I have been seeing mental health professionals on and off for the last eight years. I have seen four different psychologists, all with very different ways of viewing and trying to help manage my intense anxiety. Some if it really didn't work, and often that was my fault for not trying hard enough.
One psychologist insulted me by saying if I simply meditated and exercised then I wouldn't need medication (I had been diagnosed with major depressive disorder and severe generalised anxiety disorder/agoraphobia the same week and had just added clonazepam to my mix of medications). One was really tough-love in her approach, one was no tough and all love and one was all tough and no love - but finally, I found one that seemed to fit. I understood enough about what did and didn't work for me that I was assertive enough to state that up-front, and we worked together on some strategies that didn't make me cringe at the thought, that challenged me (of course) and also really made me think deeply about how mean my brain could be and how to try and control that more effectively.
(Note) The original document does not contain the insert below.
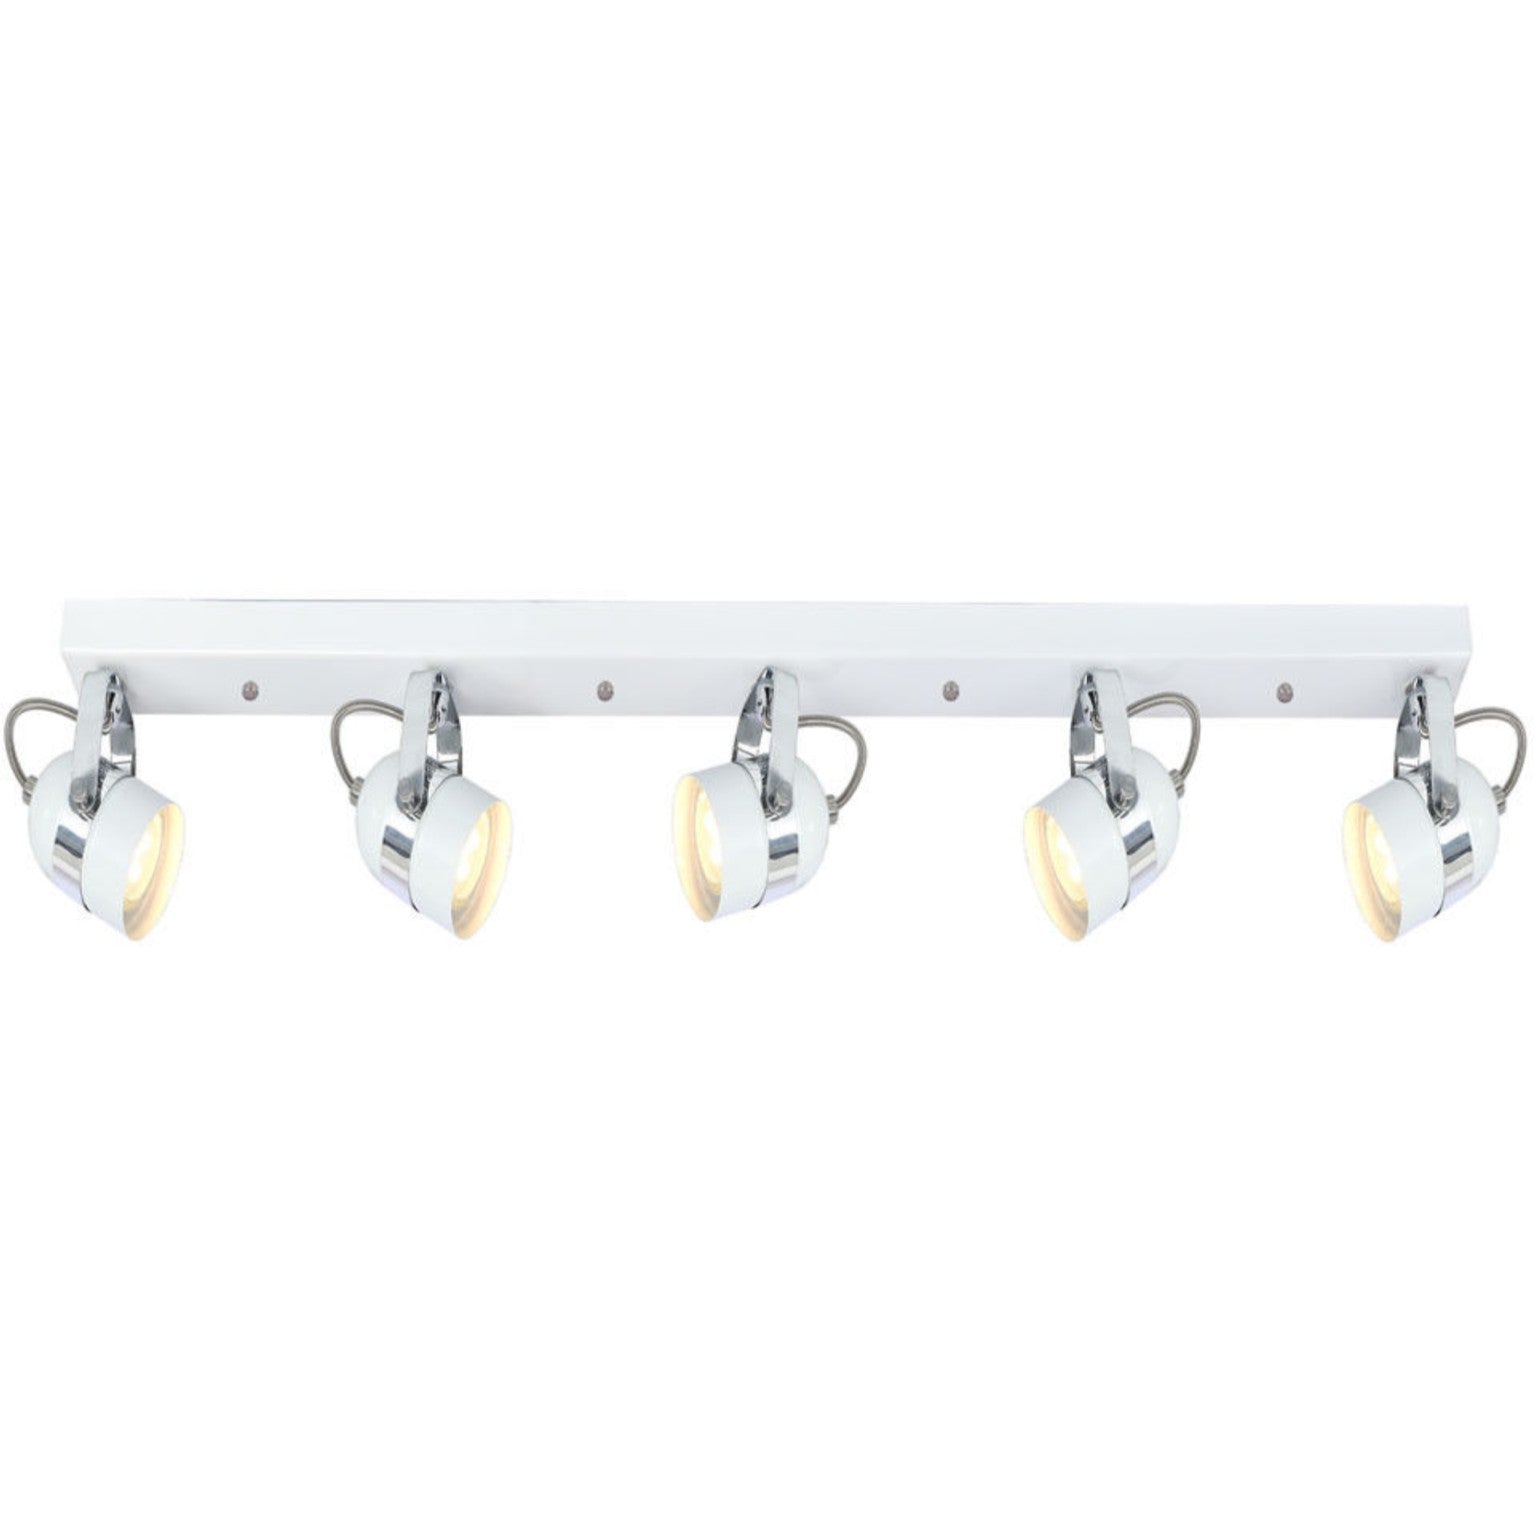 Modern 5 Way Straight Bar Ceiling Spotlight Fitting in a Gloss White Finish UKEW

The point of that little spiel is to point out that it's really important to find someone you connect with, someone who respects you, someone who is willing to respond to any concerns you may have had in the past and someone who tailors a recovery plan specifically for you.
Trying to re-train your brain, is really hard work. Seeing a psychologist (in my experience) isn't just going into a room, sitting on a comfy couch and spilling all your problems, then they offer a brilliant suggestion to take away all the worry and pain - you have to actually commit to working it out. It's always unpleasant and uncomfortable and exhausting, but if it helps with the anxiety/depression, I have obviously found it to be completely worth it.
I'm not a fan of breathing exercises. I know "deep breathing" is supposed to do wonders for anxiety but it truly doesn't work for me. That might sound ridiculous, but it's true! If anything, it makes me more panicky. I have tried lots of different techniques, in lots of different circumstances, and it has never helped me. As soon as this is suggested to me, I roll my eyes and practically beg for a different option. I can't be doing it right, surely - but I just find the whole thing stressful and pointless and it has always been the first suggestion given to me. The most recent psychologist I saw, laughed along with me when I explained how difficult I find this particular practice, and suggested we move right on to something else. Finally!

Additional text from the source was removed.